Although these novels are two different genres, they touch on a lot of similar subject matter. Englander’s stories seem to be focused on modern Jewish identity. My favorite story so far, “Sister Hills,” is about the relationships between neighbors in the Middle East, where Zionists and Palestinians rub shoulders. It unpacks the whole concept of neighbors, of helping friends in need, and how it has been perverted in the Holy Land.


The Mirage also takes place in the Middle East, but it is not the same Middle East. It is a topsy-turvy world, where on 11/9 Christian fundamentalists  crashed planes into two towers in the greatest metropolis on the planet: Baghdad, Iraq. The United Arab States, the UAS, invaded America in retaliation.  England is a rogue state, intent on developing a nuclear bomb. Israel is appropriated German territory.
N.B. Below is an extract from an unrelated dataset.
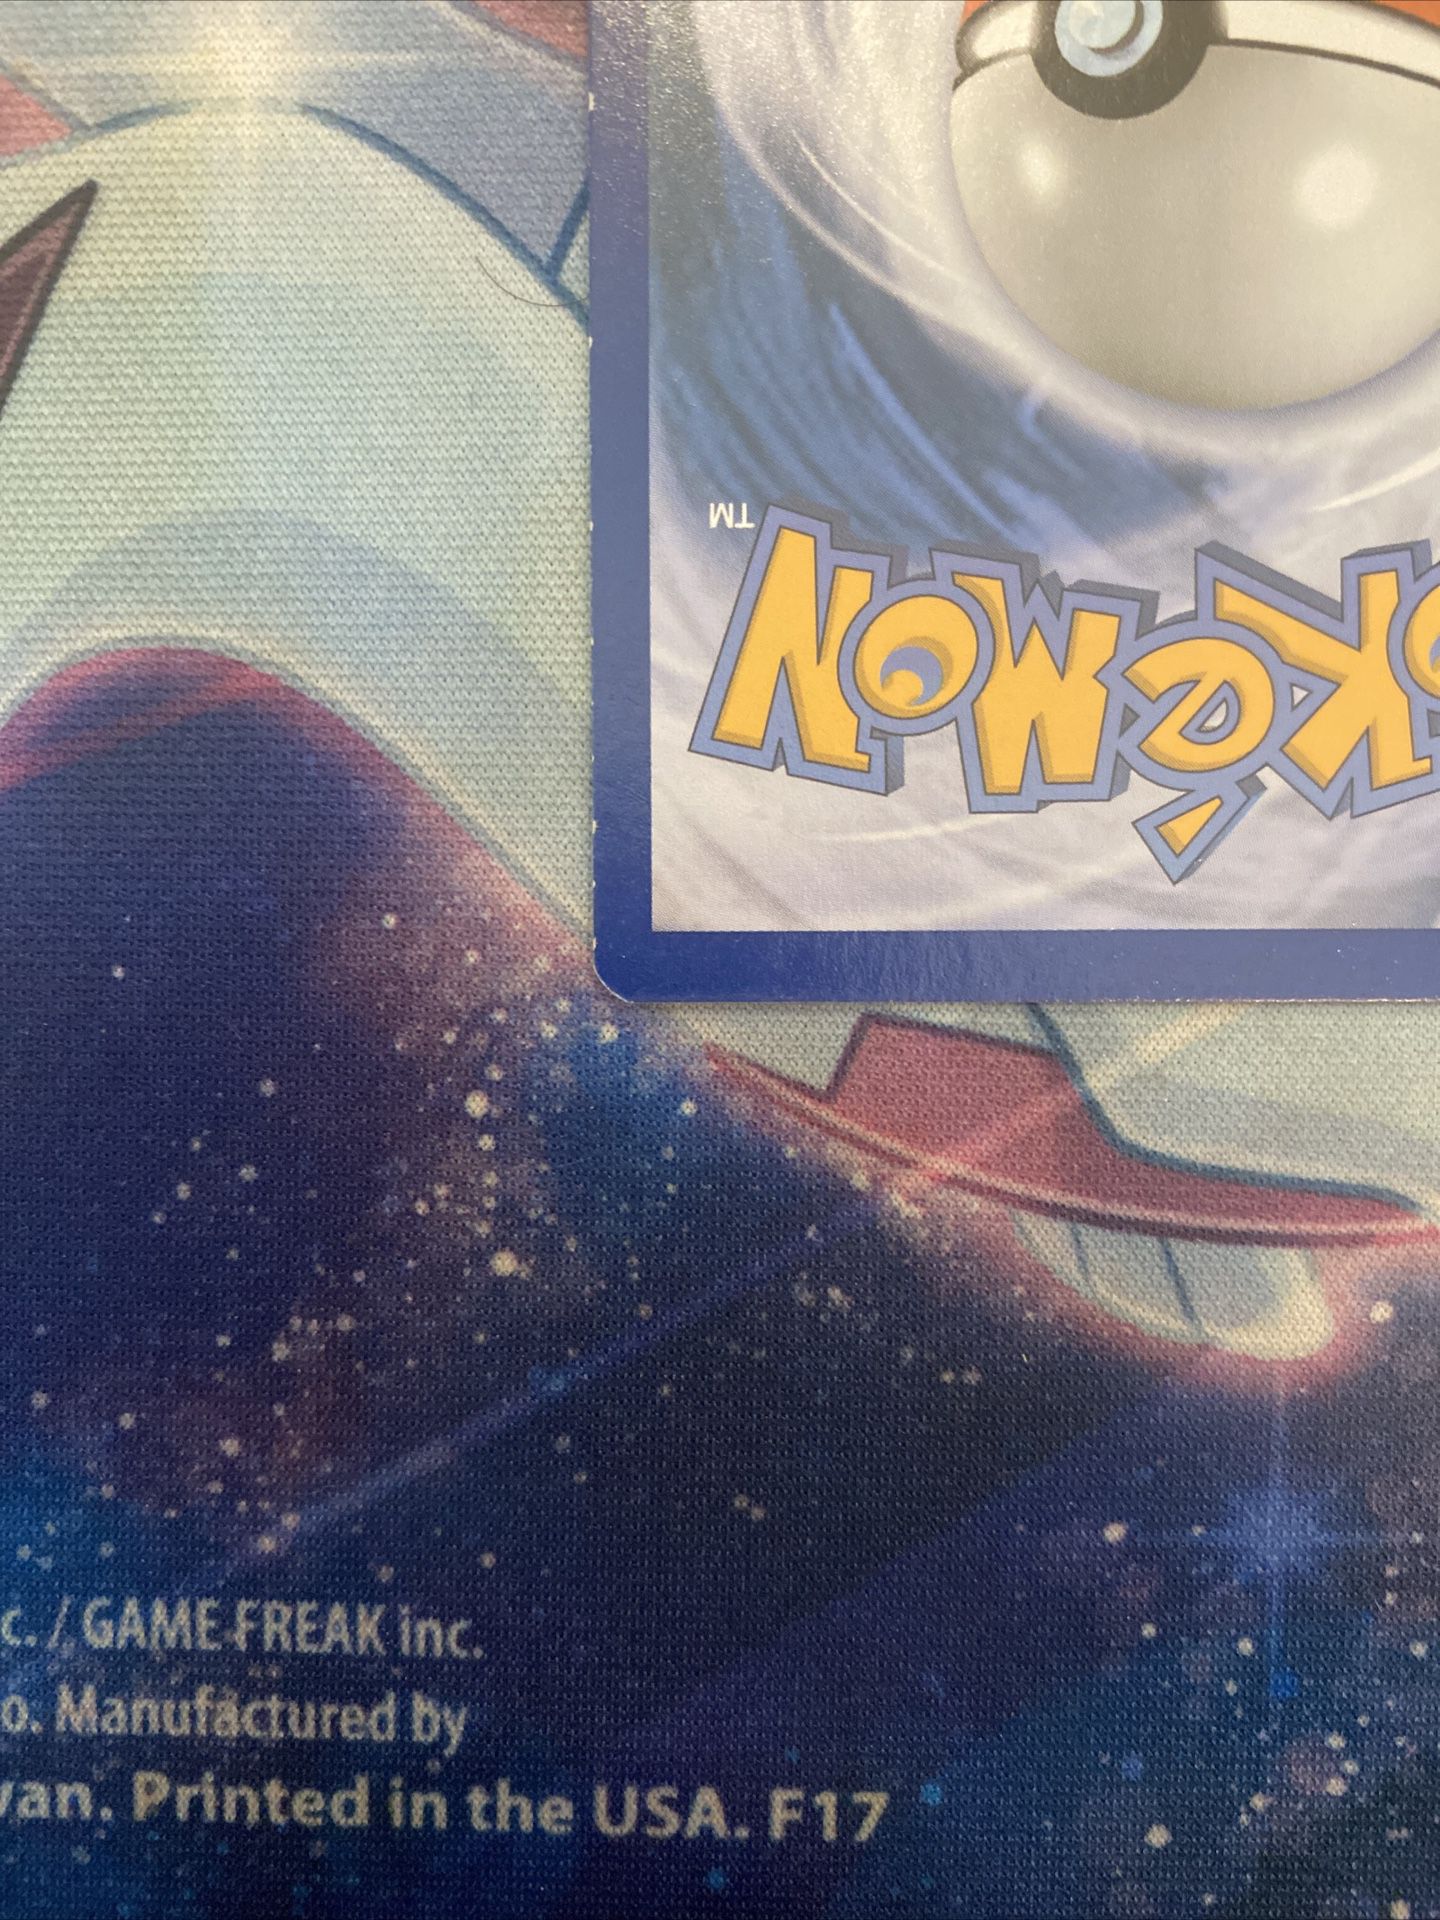 M Gengar EX #35 Prices, Pokemon Phantom Forces

Although his incorrect spelling of Arab words betrays his lack of Middle Eastern credentials, Ruff has written in this book a fascinating reflection of who America is as a nation. The ease with which Ruff appropriates our “unique” culture–everything from democracy to judicial systems to CSI: Damascus and Law and Order: Halal–reveals the fragility of our world. The world Ruff has created feels real, and he has thought out detailed differences in cultural evolution to constantly remind the reader that this is not my world.

It’s amazing the power that this relatively simple reflection can have. Senator Osama bin Laden is a war hero in that world, but even reading his name makes me grind my teeth. I was a child on 9/11–Osama bin Laden haunted my nightmares.

Not only does Ruff reveal how fragile our world is, but he is not shy about unmasking some of the comfortable lies we like to tell about ourselves. For example, I like to think that America is a pretty advanced, secular nation. Thus, prefacing Miranda rights with “In the name of God, the all-knowing and compassionate” rubbed me wrong. But how different, really, is our legal system? We seek fairness within the framework of a Judeo-Christian morality; who’s to say that morality is superior to Islamic? That Islamic justice cannot be as fair as our justice?


Together, these books are teaching me about fragility. Englander is teaching me about the fragility of relationships. Ruff is teaching me about how fragile the world I take for granted is.